> Problem statement
Please restate exactly the lines from the one holding "Tesettür Dünyası - Bebe" to the end of the material, including both ends and excluding every picture.

> Available data
== Segment start ==

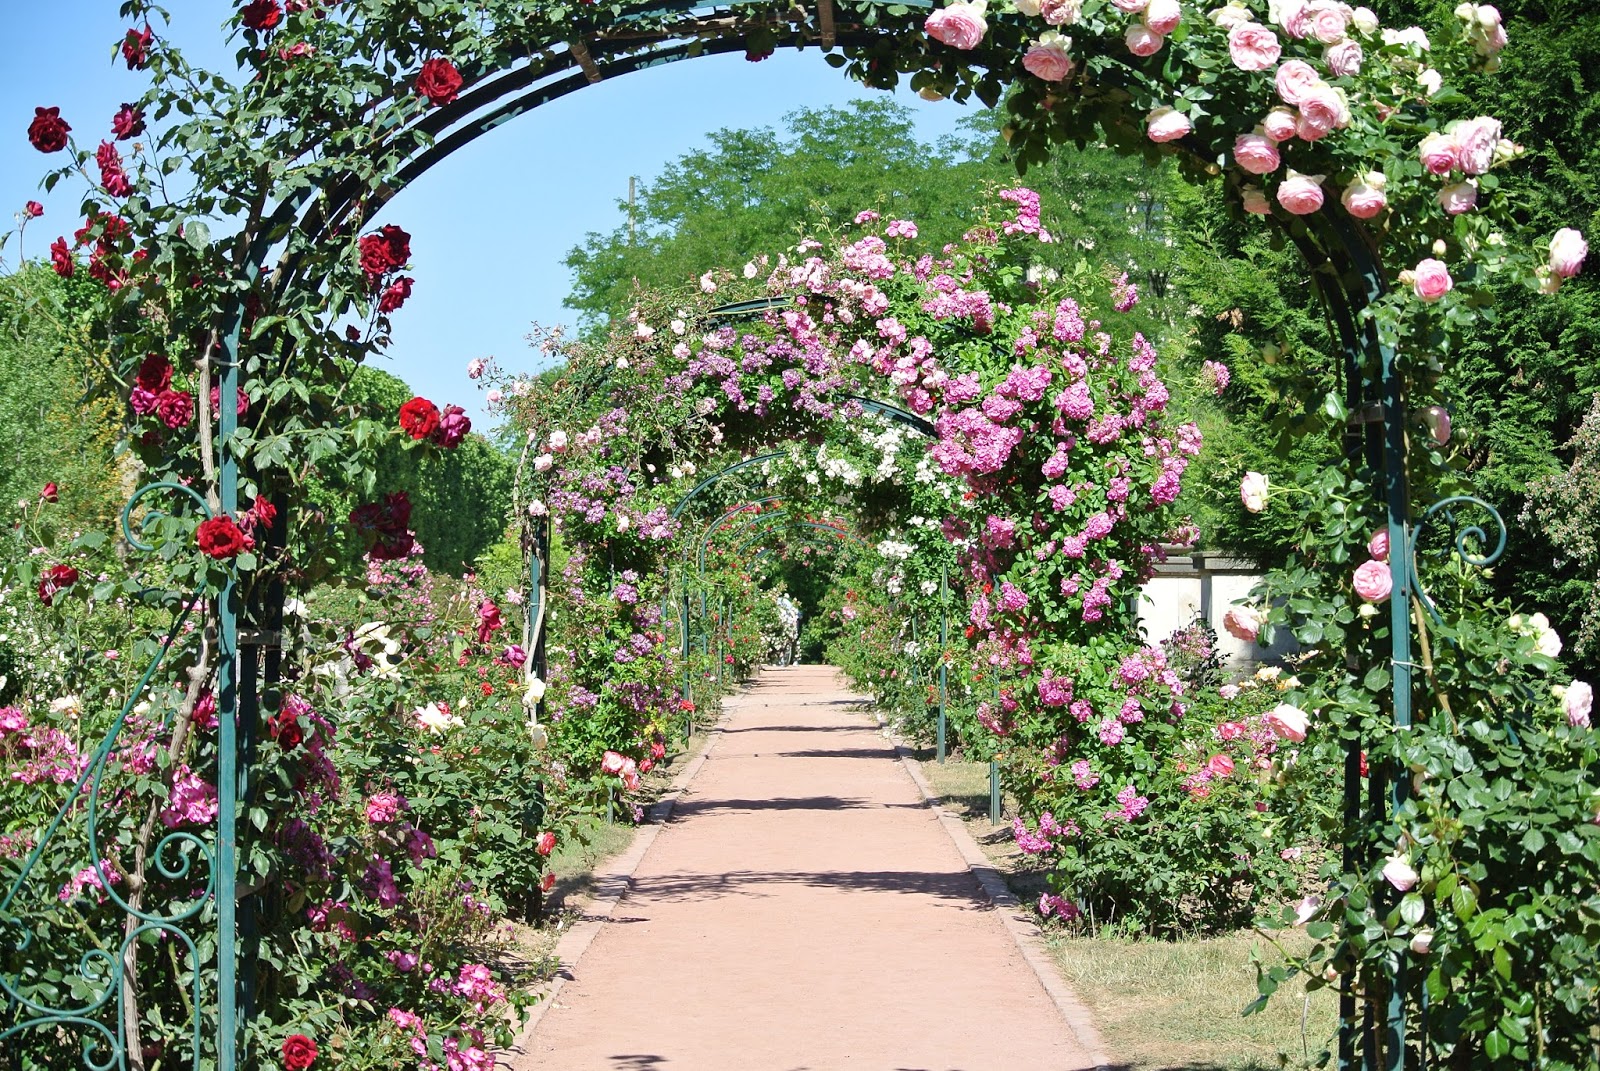 Le blog de Gabrielle Aznar: La roseraie du jardin des plantes ♦ Paris - Roses%2BjarDin%2BDes%2Bplantes%2Bparis%2Bgabrielle%2Baznar%2Bcopyright
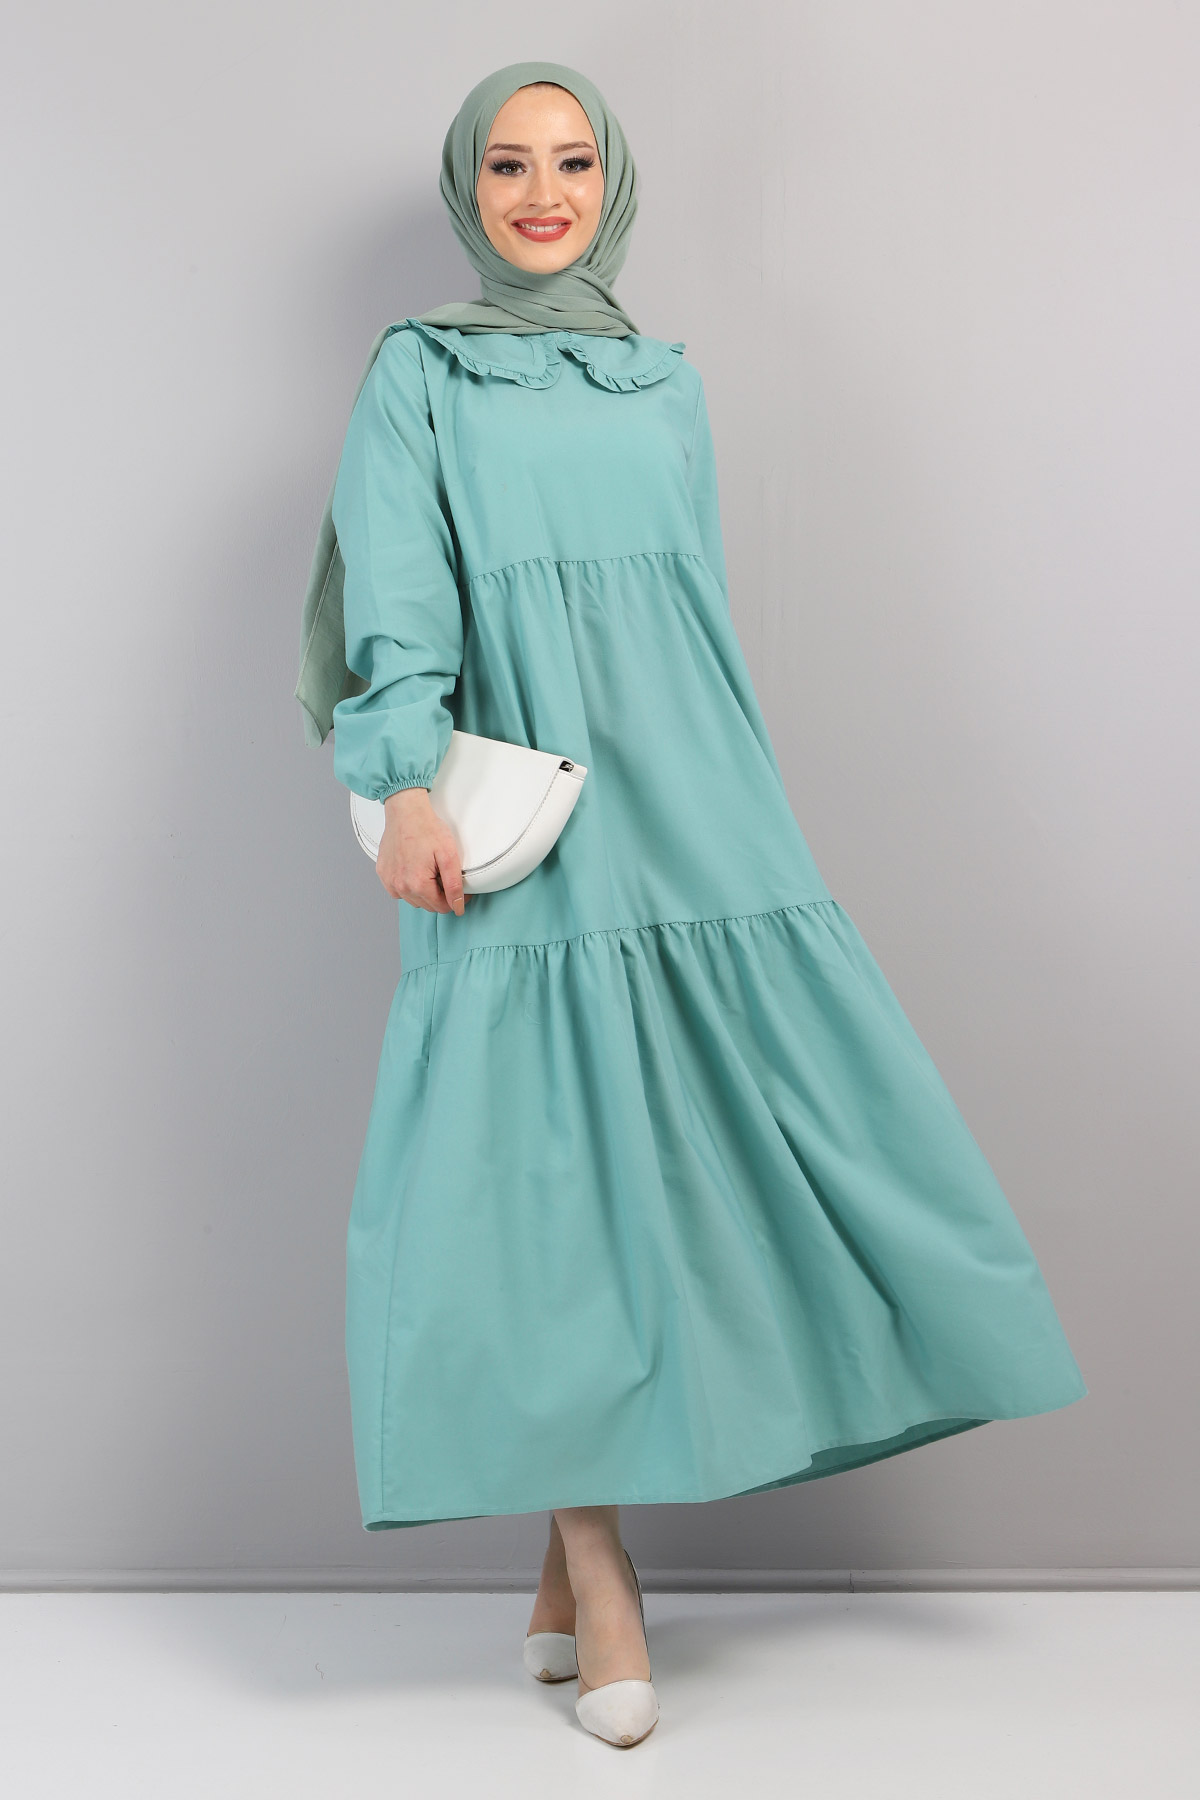 Tesettür Dünyası - Bebe Yaka Tesettür Elbise TSD0706 Su Yeşili
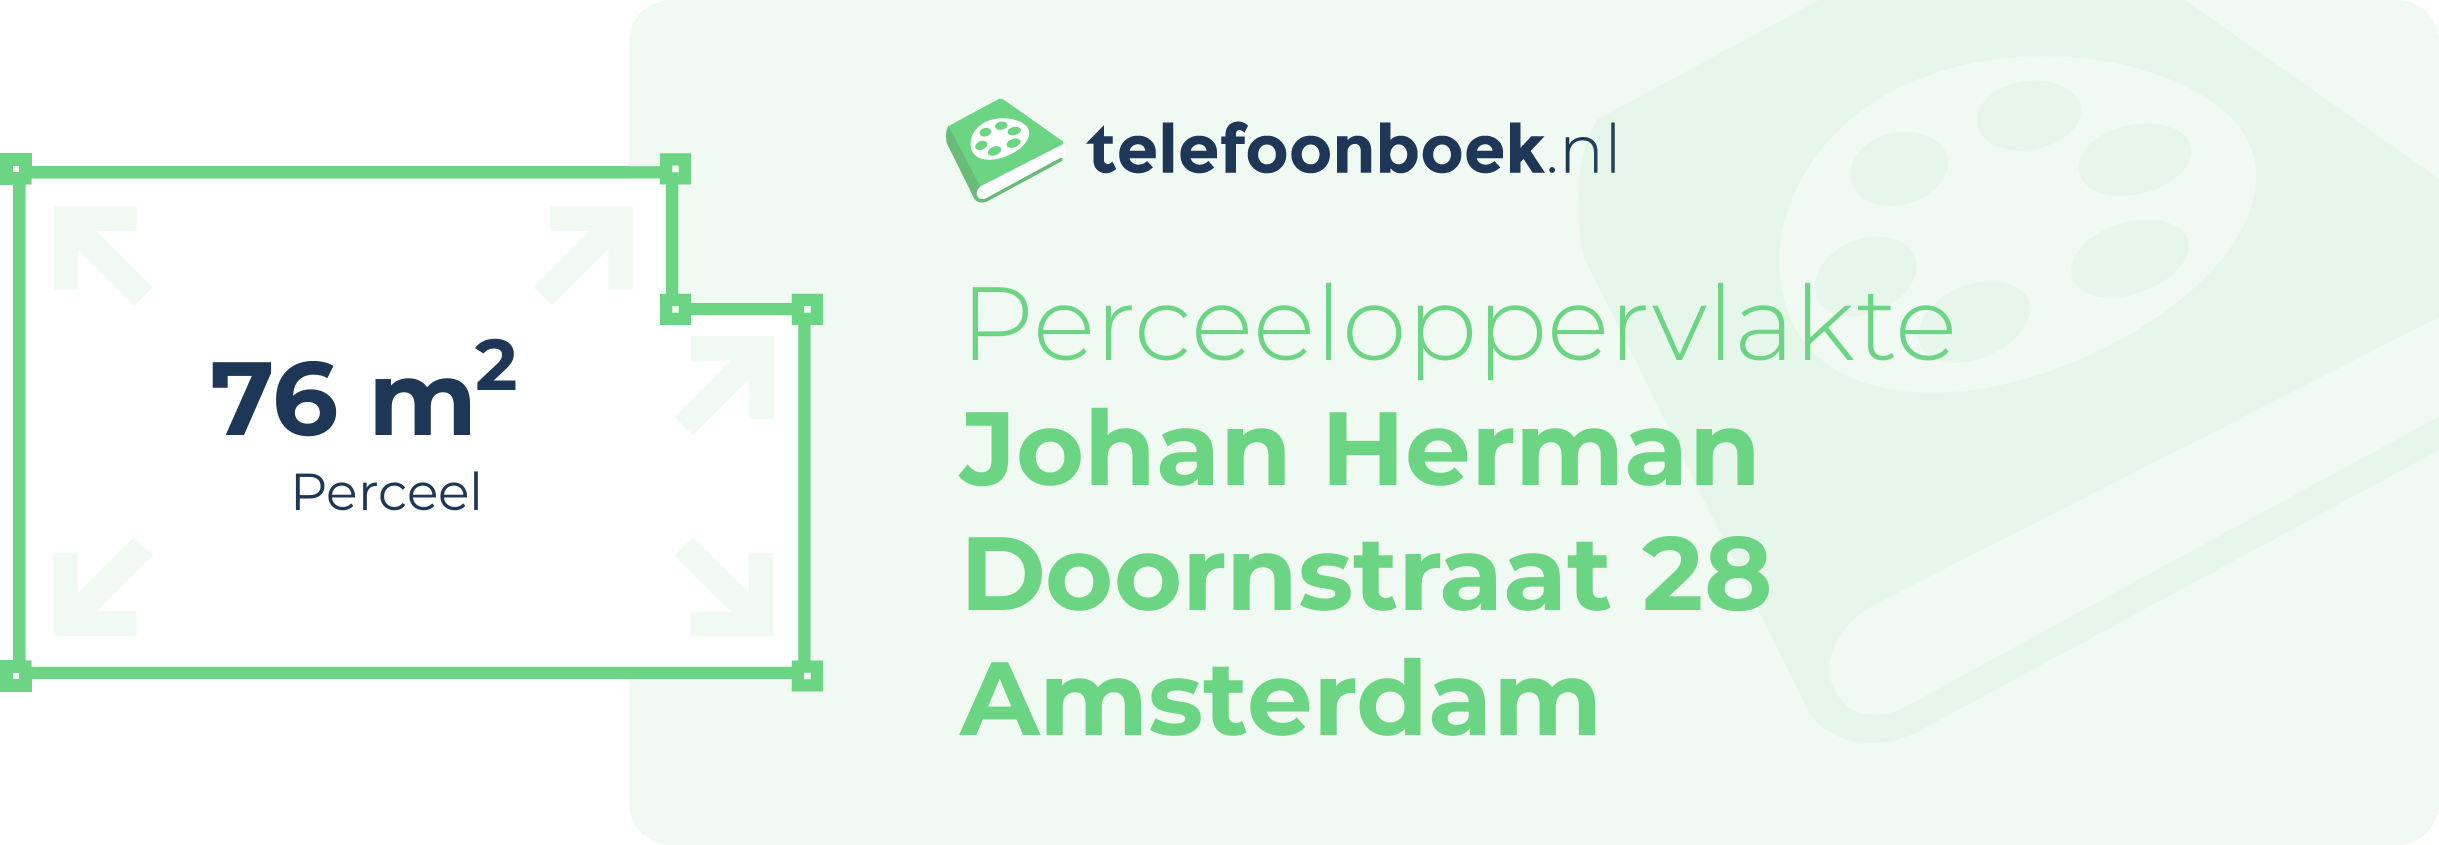 Perceeloppervlakte Johan Herman Doornstraat 28 Amsterdam

== Segment end ==

> Exercise response
 Tesettür Dünyası - Bebe Yaka Tesettür Elbise TSD0706 Su Yeşili
 Perceeloppervlakte Johan Herman Doornstraat 28 Amsterdam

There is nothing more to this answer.